For a few moments she talks bravely on. We both pretend there's nothing wrong. I begin to wonder how long she can hold out. She's never been known to resist a ringing telephone. So when she's already on the phone and gets a signal that there's another person waiting to speak to her, it represents an irresistible lure.

Meanwhile, I am waiting to see whether she will let the other person get the message that Woken Up Sister, Long Distance, takes priority.

Desperation is creeping into her voice. "The A R man came from ners."

Finally she cracks. "I'm sorr I'll just see that is." She is gone, and I am left waiting. Will she choose me or them? Then she's back on the line. I made the grade. The insistent Call Waiting bleep is like a party guest who stands by your elbow, refusing to go away until you have acknowledged or introduced them into your conversation. In fact, it's like a party guest whose name you have forgotten, introducing an element of helpless panic into your conversation.

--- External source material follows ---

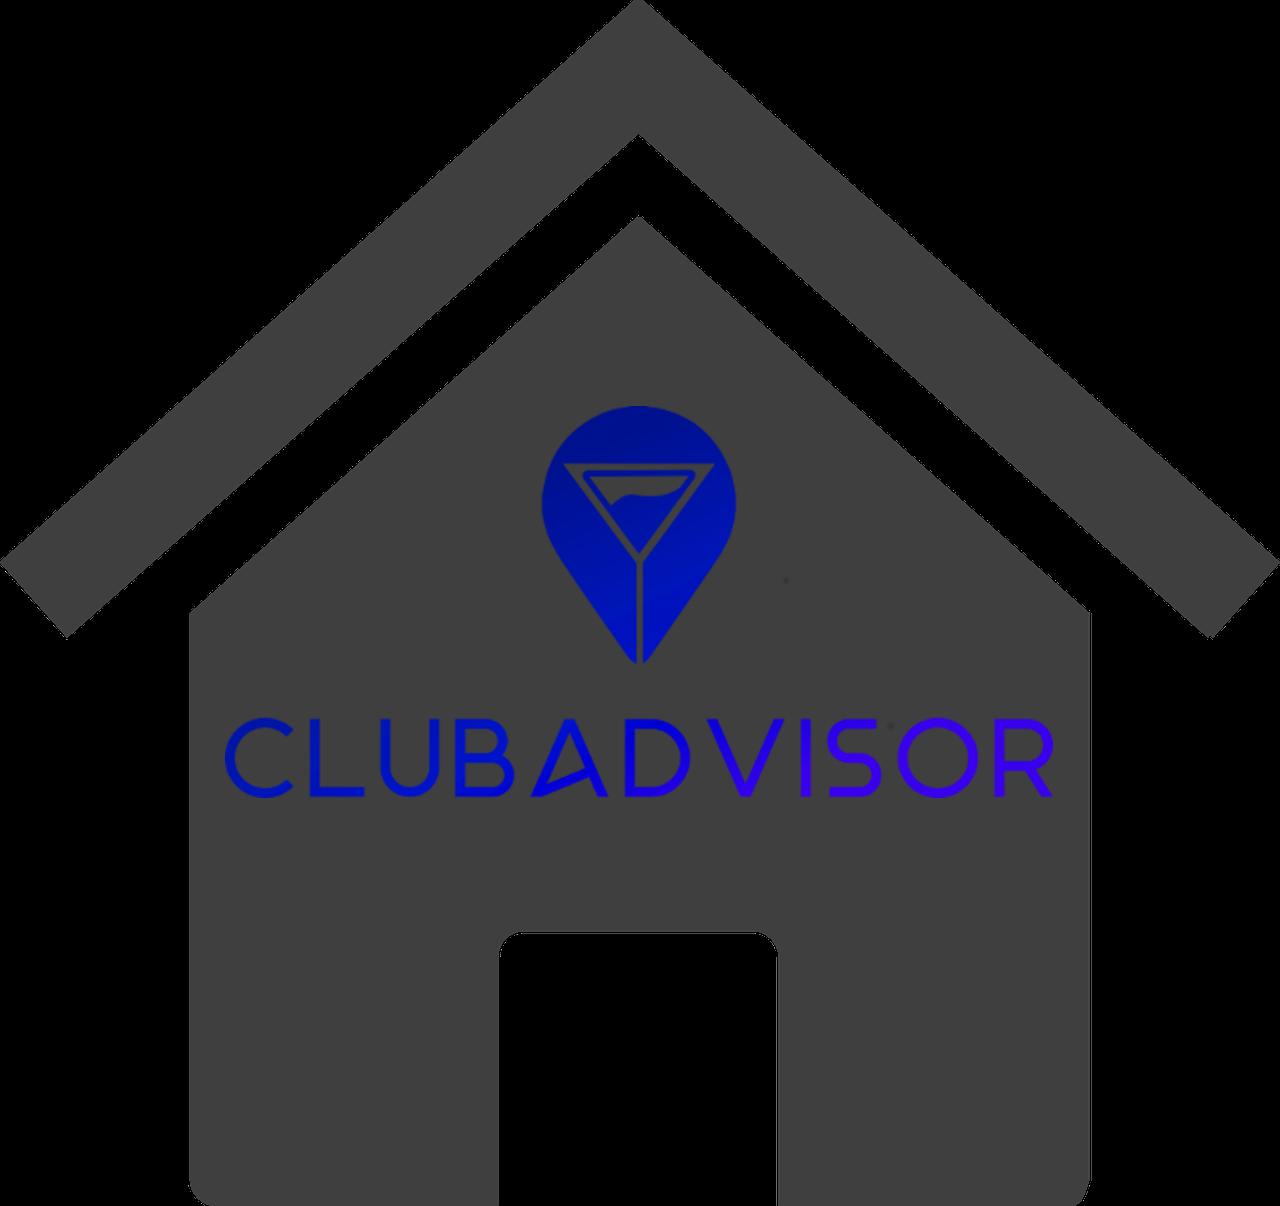 Clubadvisor-keinBild-Logo
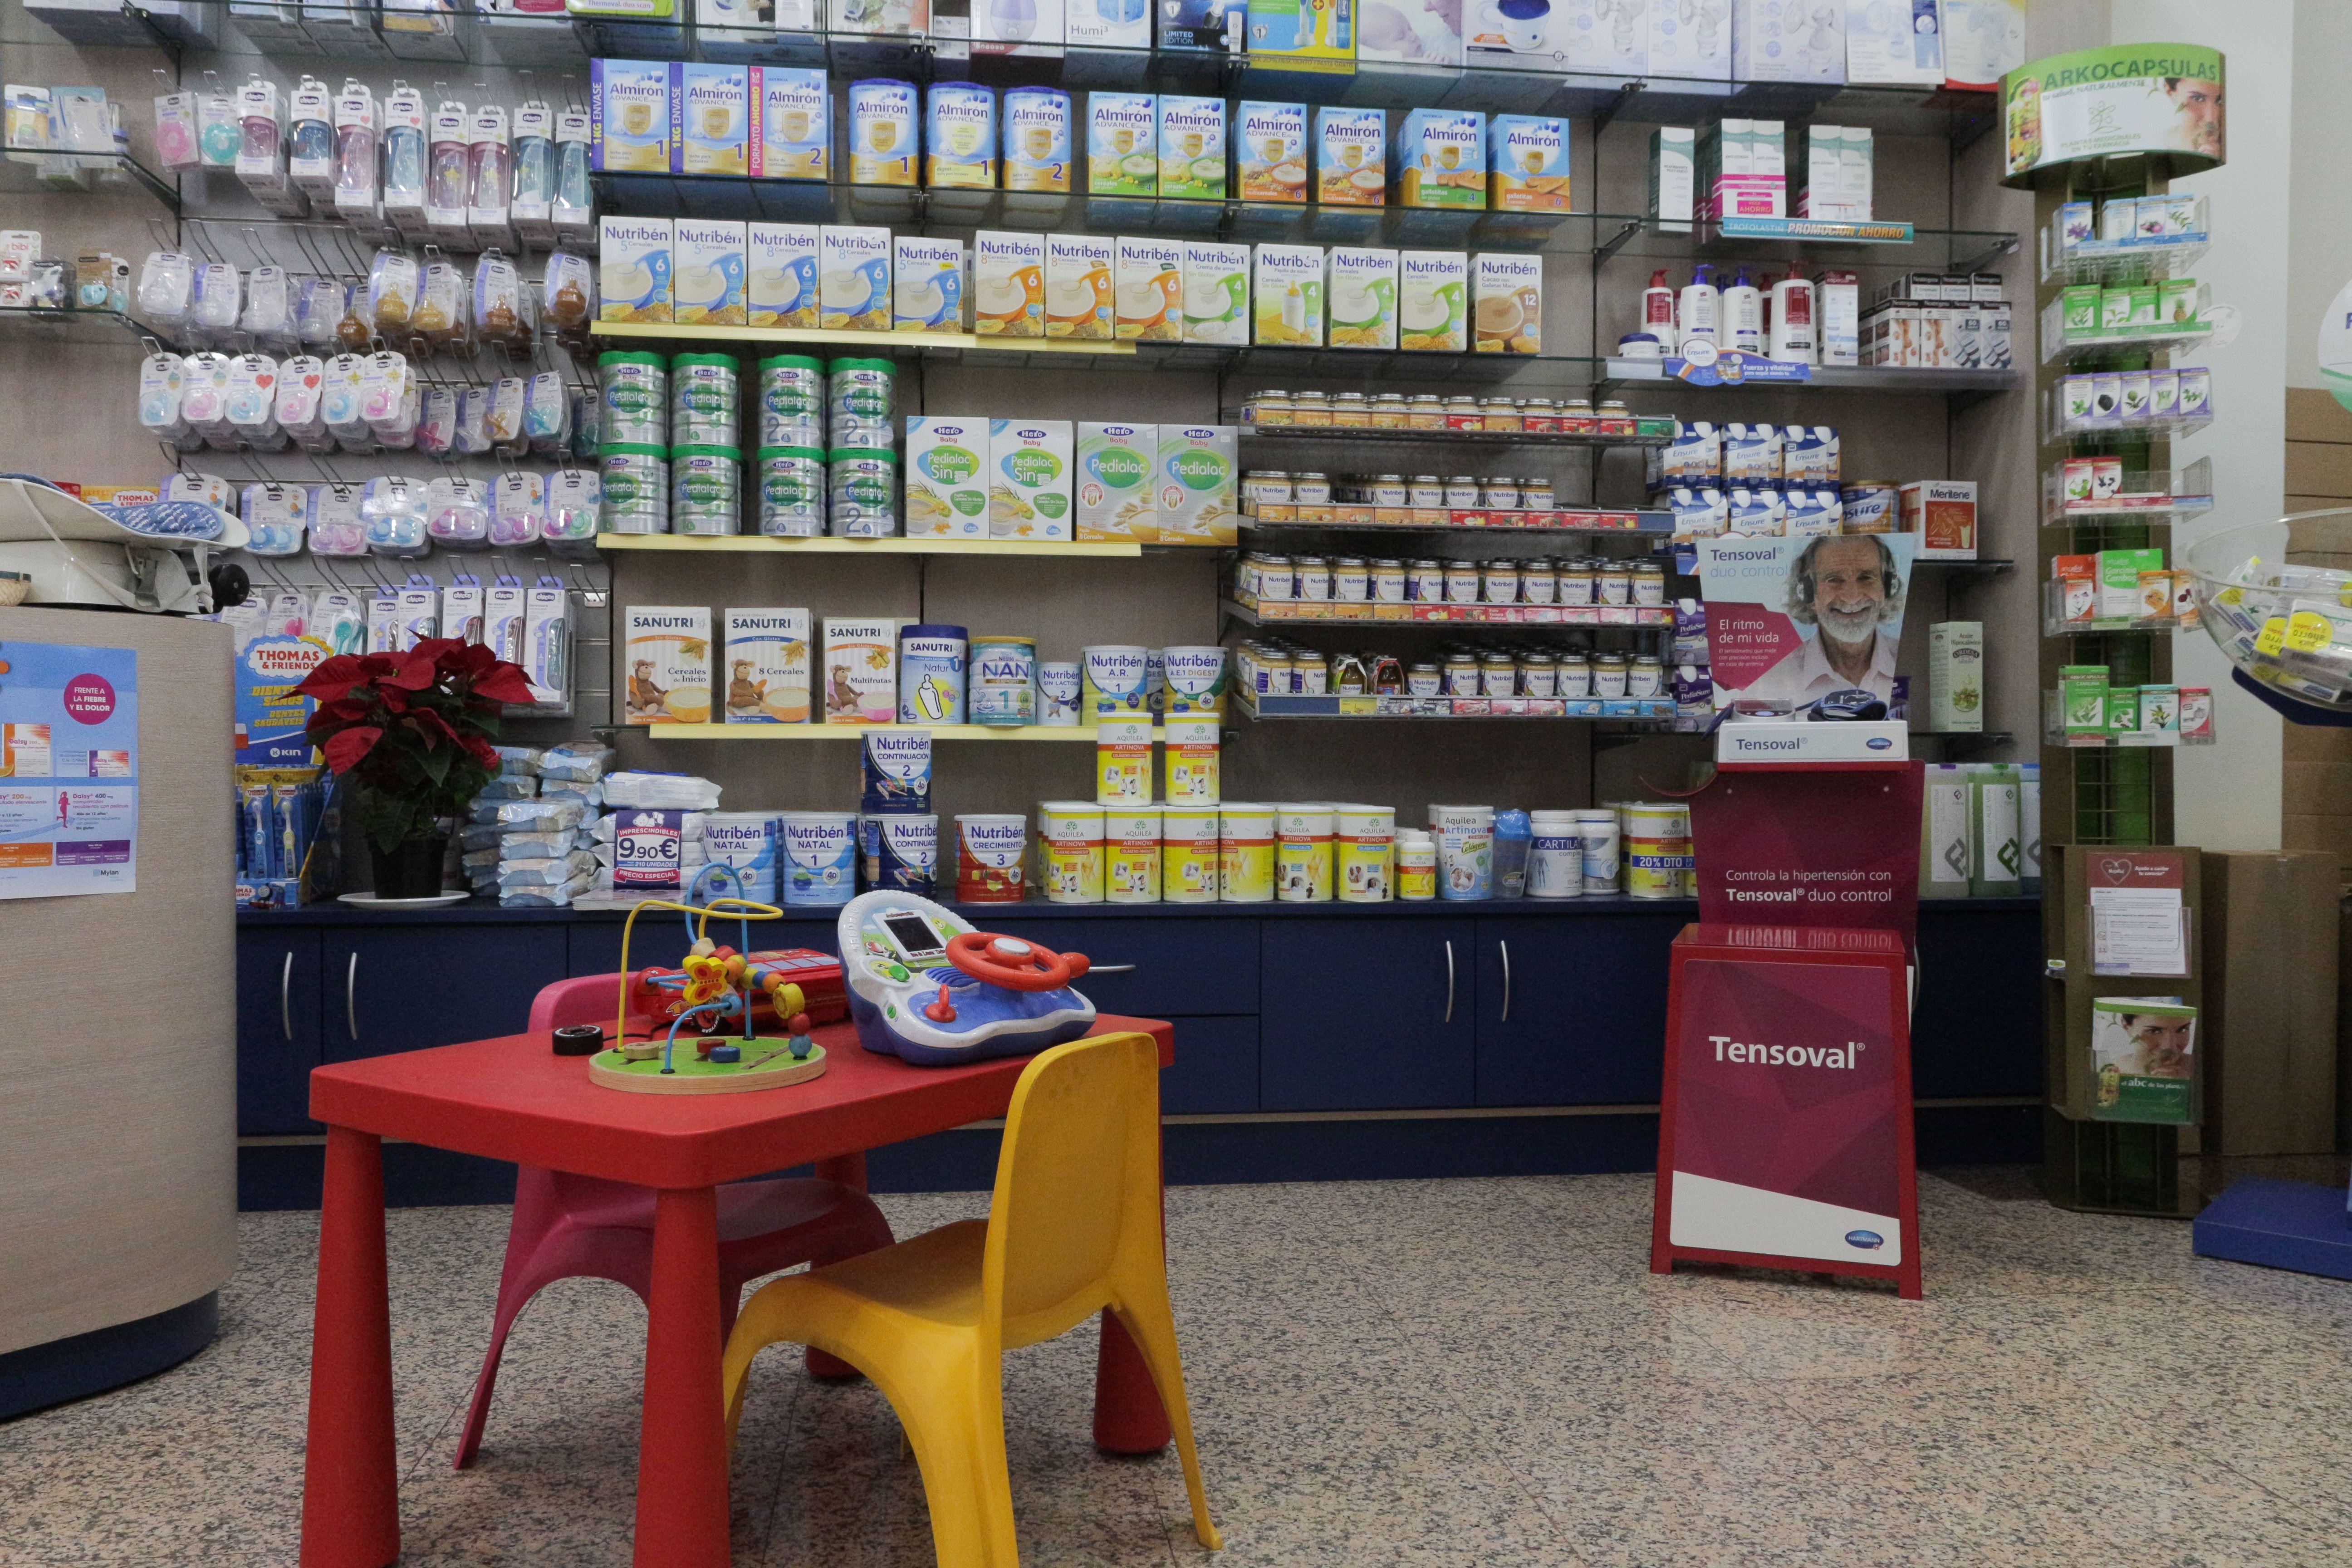 Foto 6 de Farmacias en Torrejón de Ardoz | Farmacia Budapest - Multiópticas Loreto

As a caller, when you hear that soothing, authoritative woman intoning "The Other Person Knows You Are Waiting", you have a choice to make. Will they consider you worth interrupting their conversation for? How long should you wait, imagining them muttering about the interruption, before you go?

When my sister finally interrupts her conversation to check out the call, will she disguise her disappointment that it wasn't the A&R man?